**YOUR ASSIGNMENT**
Your copy runs from the line containing "coup de boîte" through the last line of the listing, both included. Restate those lines word for word and leave out pictures.

**DATA SHOWN**
┌────────
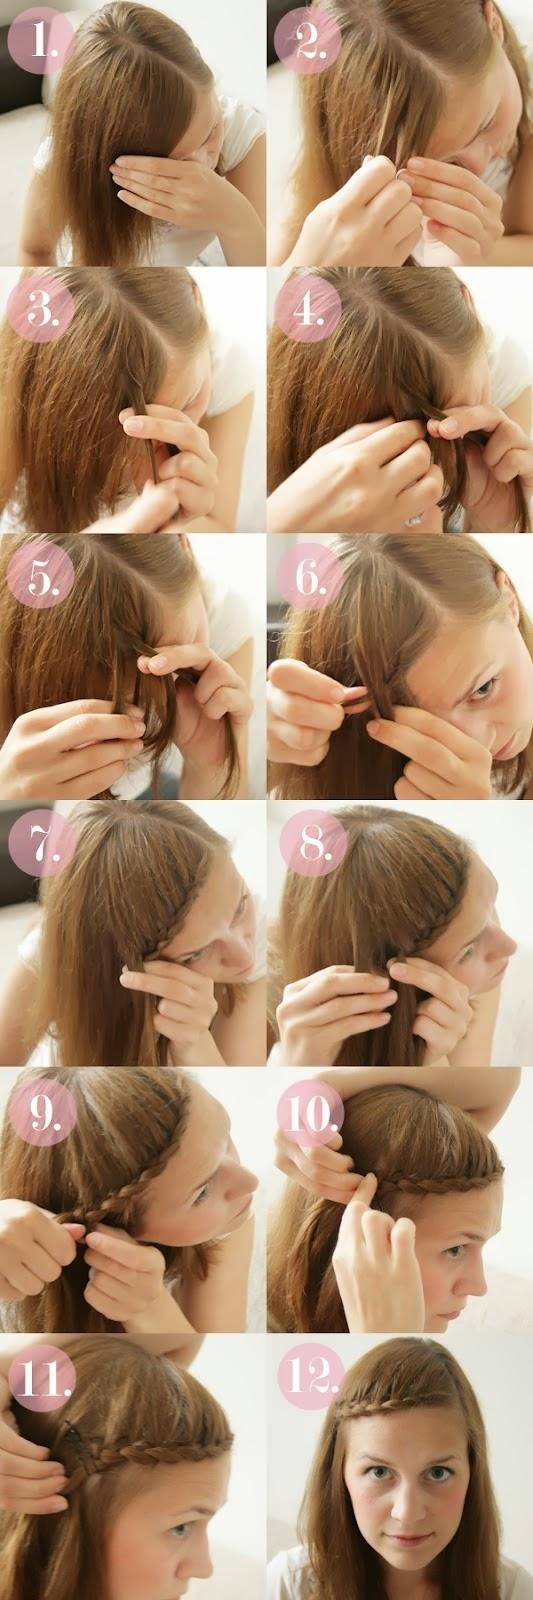 Cute Hairstyles For Short Hair Tutorials
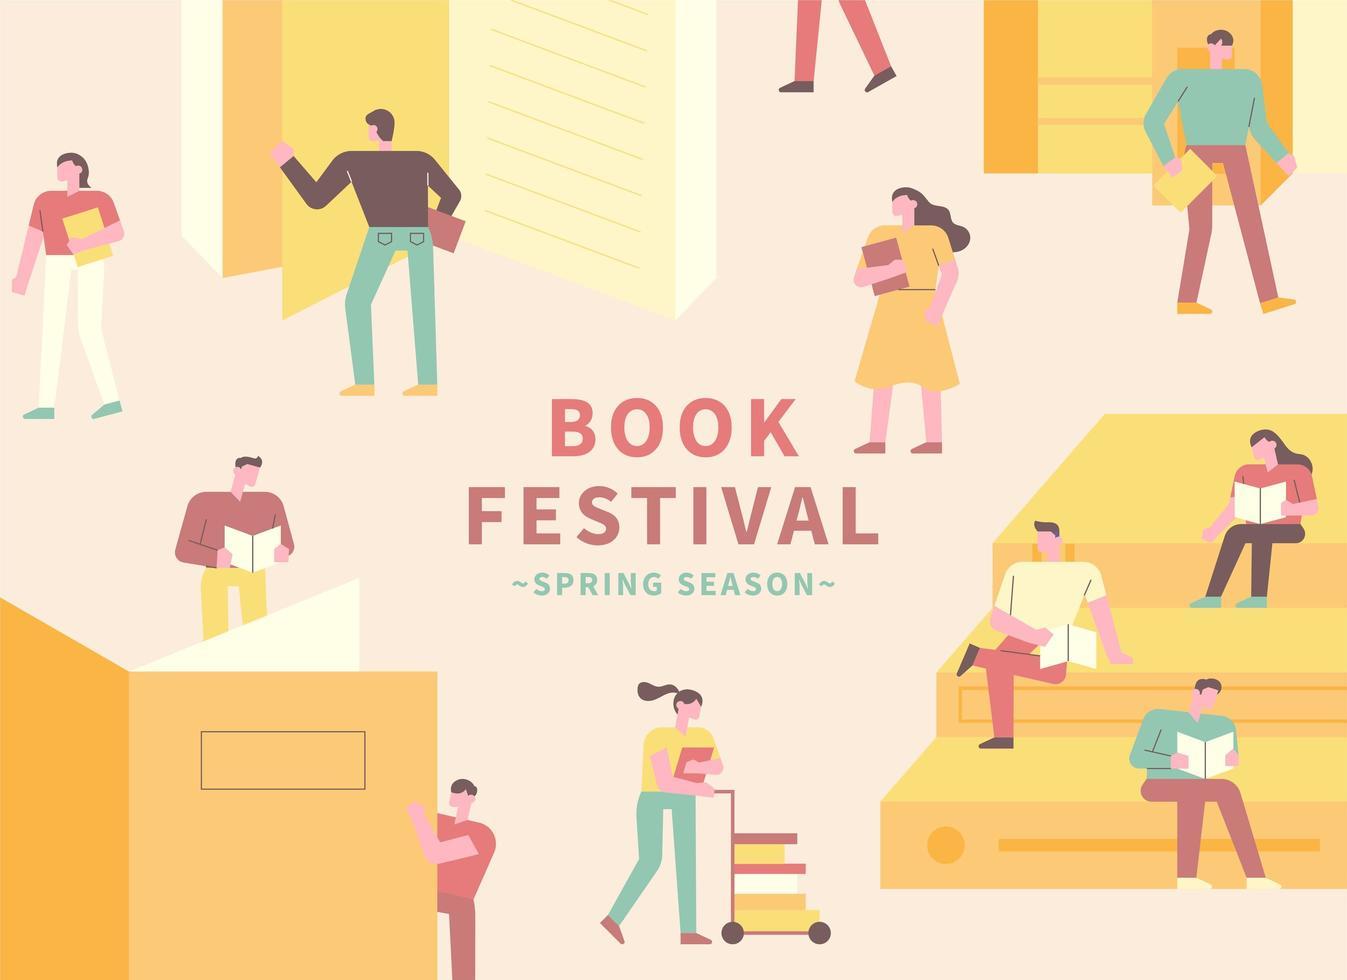 bokfestival affisch vektor
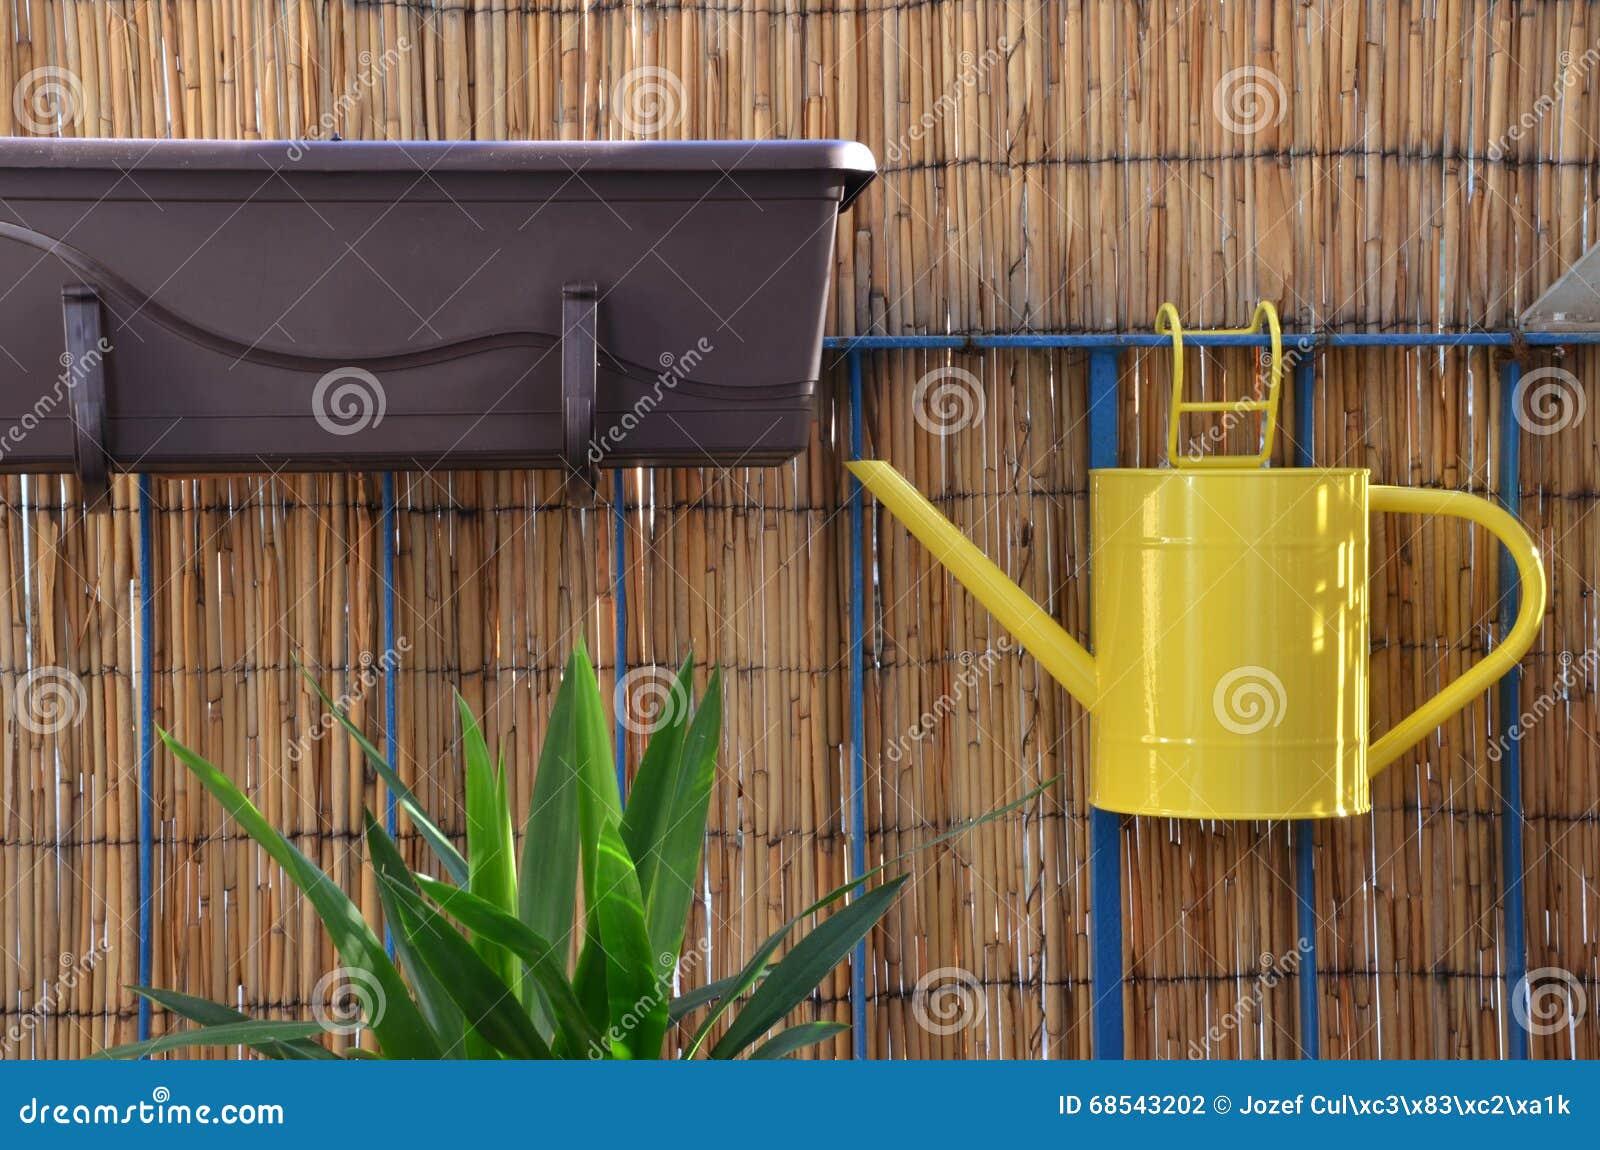 coup de boîte d'arrosage en métal jaune sur la balustrade de balcon
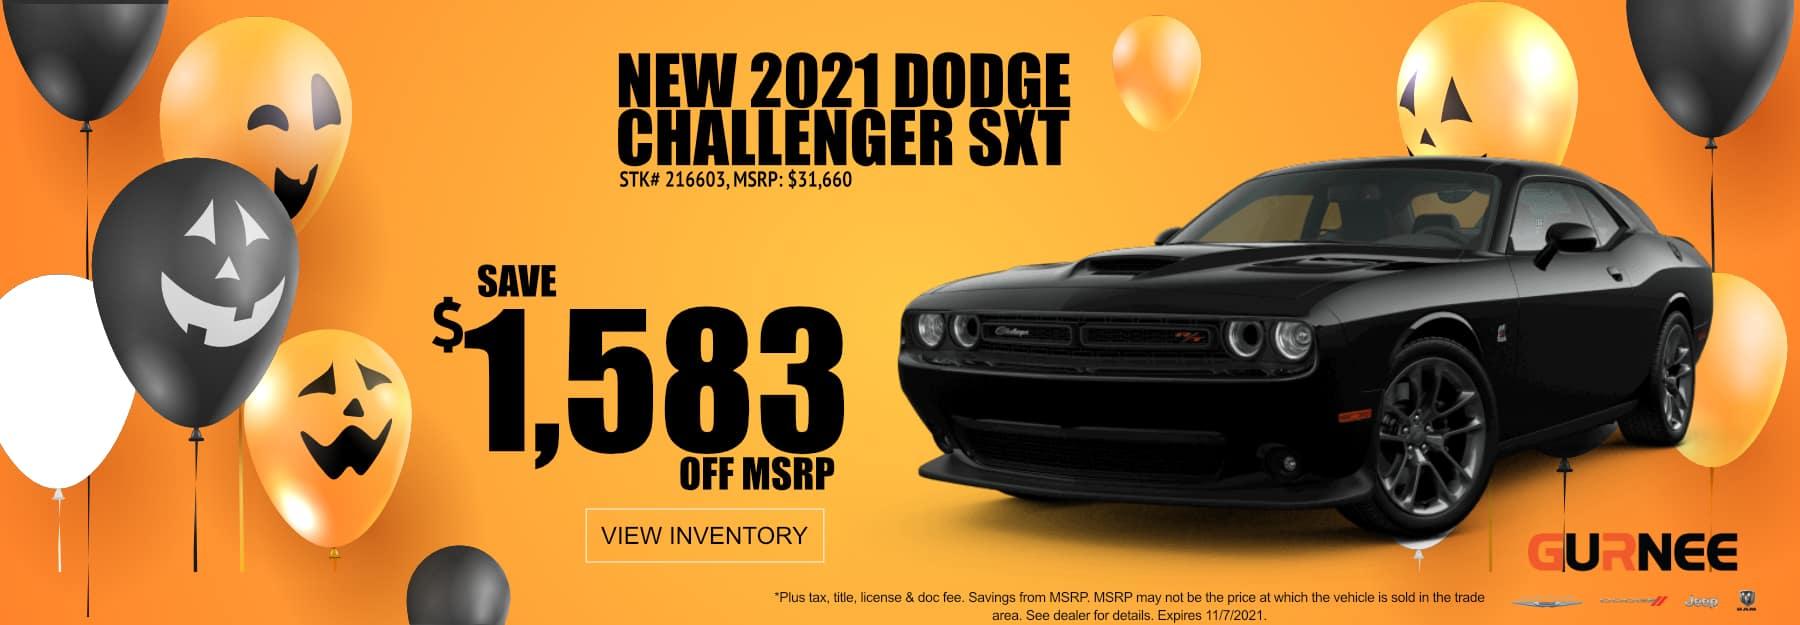 October_2021 Challenger_Gurnee
└────────
**ANSWER TO THE EXERCISE**
 coup de boîte d'arrosage en métal jaune sur la balustrade de balcon
 October_2021 Challenger_Gurnee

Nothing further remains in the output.